Depuis peu s’y ajoutent des enjeux de santé : des études épidémiologiques ont en effet montré une corrélation entre un petit poids de naissance, signe de dénutrition in utero, et un risque accru d’obésité, de maladies cardiovasculaires, de diabète, d’hypertension ou de cancer à l’âge adulte. De même, plusieurs études laissent penser que l’alimentation des premiers mois de vie postnatale influe sur les risques ultérieurs d’obésité ou de diabète. L’exposition à certains nutriments (ou leur carence) dans la période périnatale laisse une « empreinte » métabolique qui aurait des conséquences sur la santé de l’adulte.

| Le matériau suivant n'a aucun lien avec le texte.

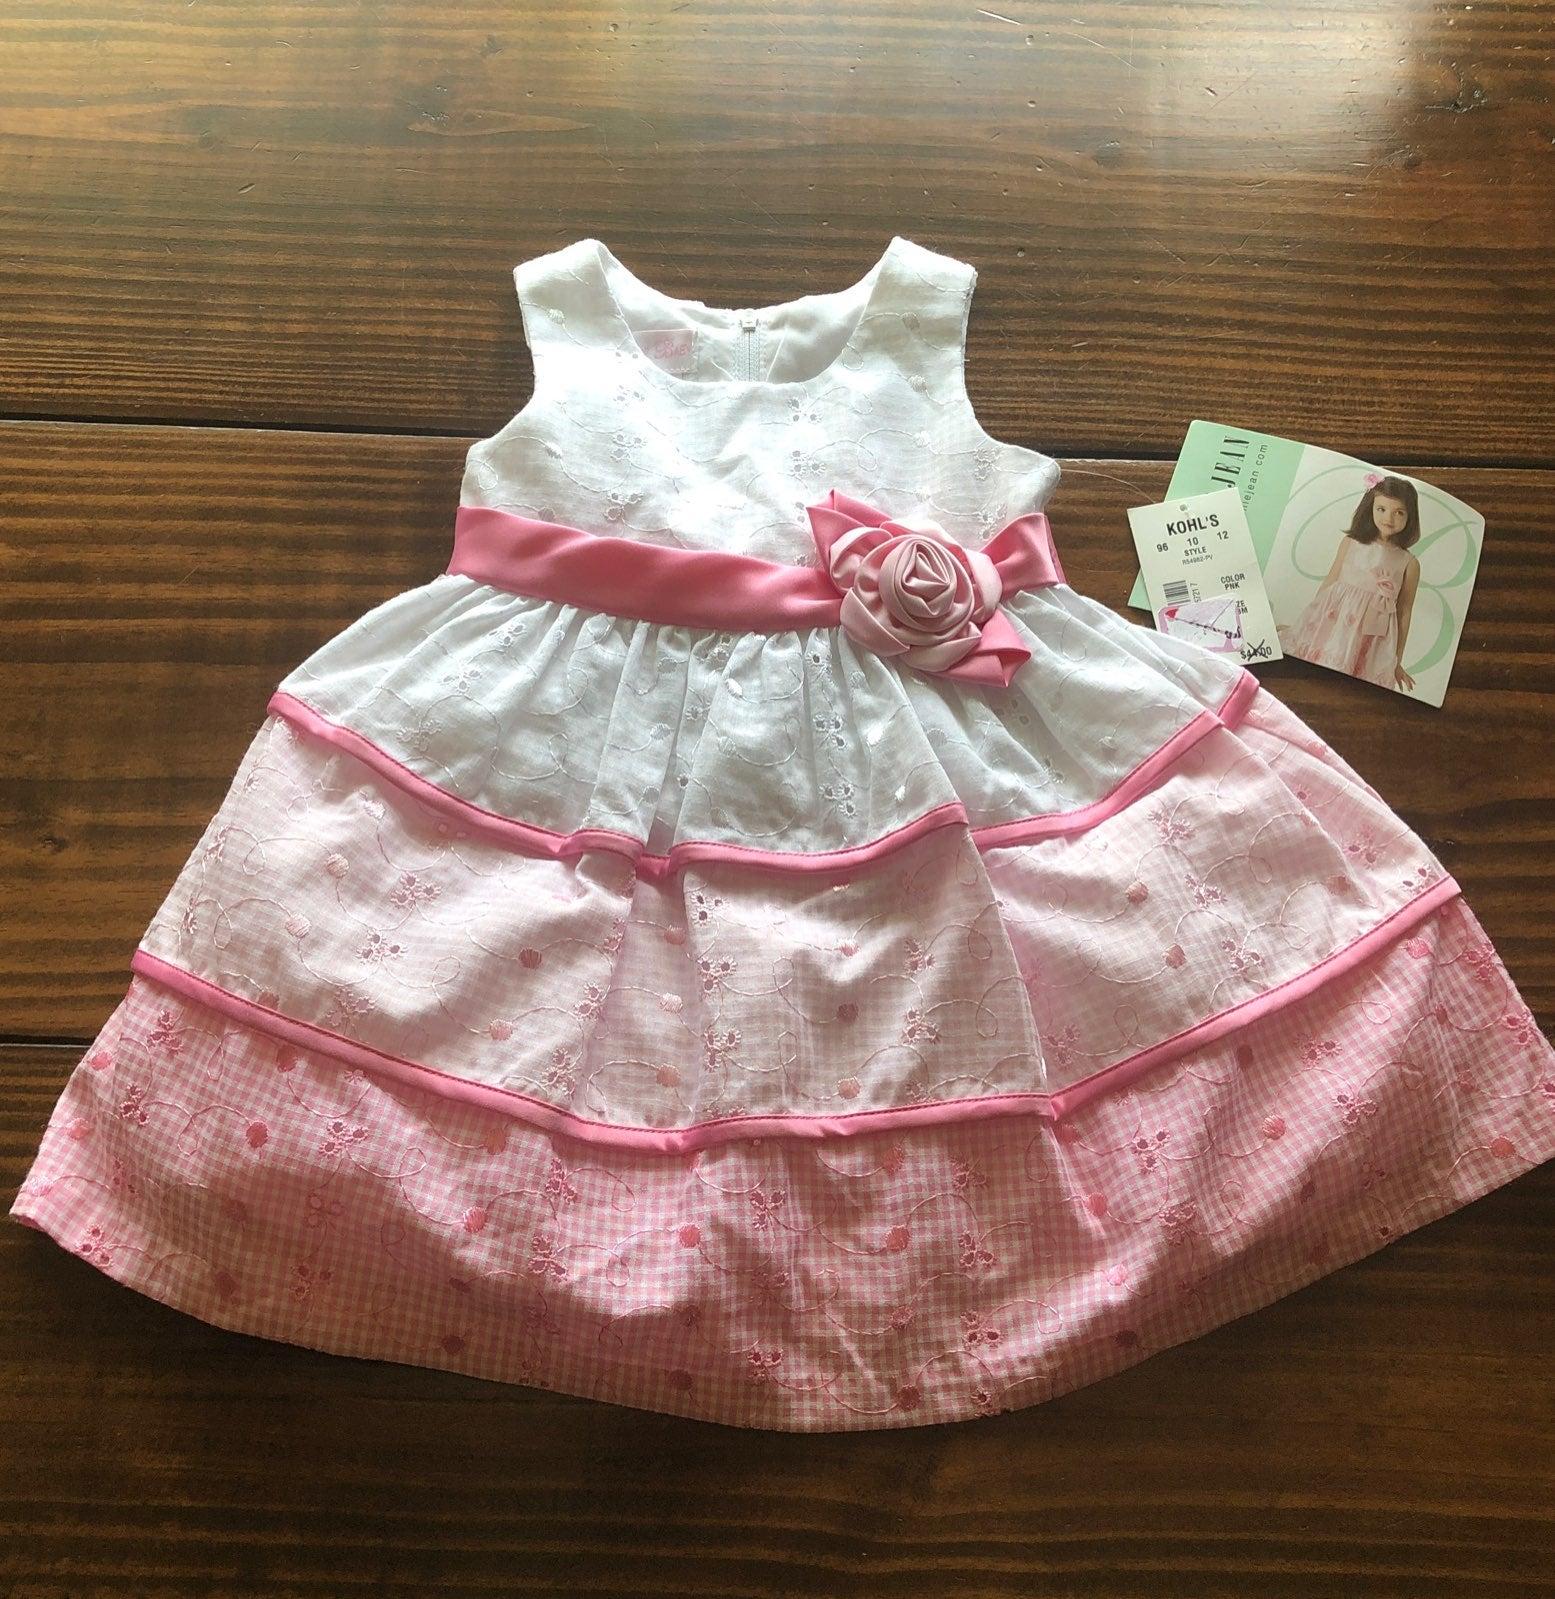 Bonnie Baby 18M Pink Formal Dress

Les mécanismes en jeu ne sont pas connus. Une équipe de neurophysiologistes de l’Inra de Nantes étudie actuellement la piste d’éventuelles modifications épigénétiques d’une partie de notre cerveau, l’hypothalamus, qui pourraient perturber à long terme la régulation de la prise alimentaire. Bien que l’alimentation précoce affecte la maturation de tous les organes, ses effets sur l’intestin, organeclé de la nutrition, sont mal connus. Ils sont abordés par une autre équipe de chercheurs.

Nous entamons sur ces thèmes des études expérimentales et cliniques grâce à la présence de néonatologistes dans notre unité de recherche. Il s’agit notamment de mesurer les conséquences de l’apport néonatal de plusieurs nutriments des laits maternels et artificiels : d’une part, le rôle des oligosaccharides, qui ont un impact majeur sur le côlon et sont spécifiques du lait humain ; d’autre part, le rôle de certaines protéines dont la teneur est renforcée dans les laits infantiles par rapport au lait maternel pour accélérer la croissance.

Or, s’il est de tradition de vouloir faire rattraper au plus vite le retard de croissance aux nouveau-nés de faible poids, la controverse scientifique s’accentue sur le fait de savoir si cette accélération de croissance n’a pas des effets négatifs à long terme sur plusieurs organes du futur adulte.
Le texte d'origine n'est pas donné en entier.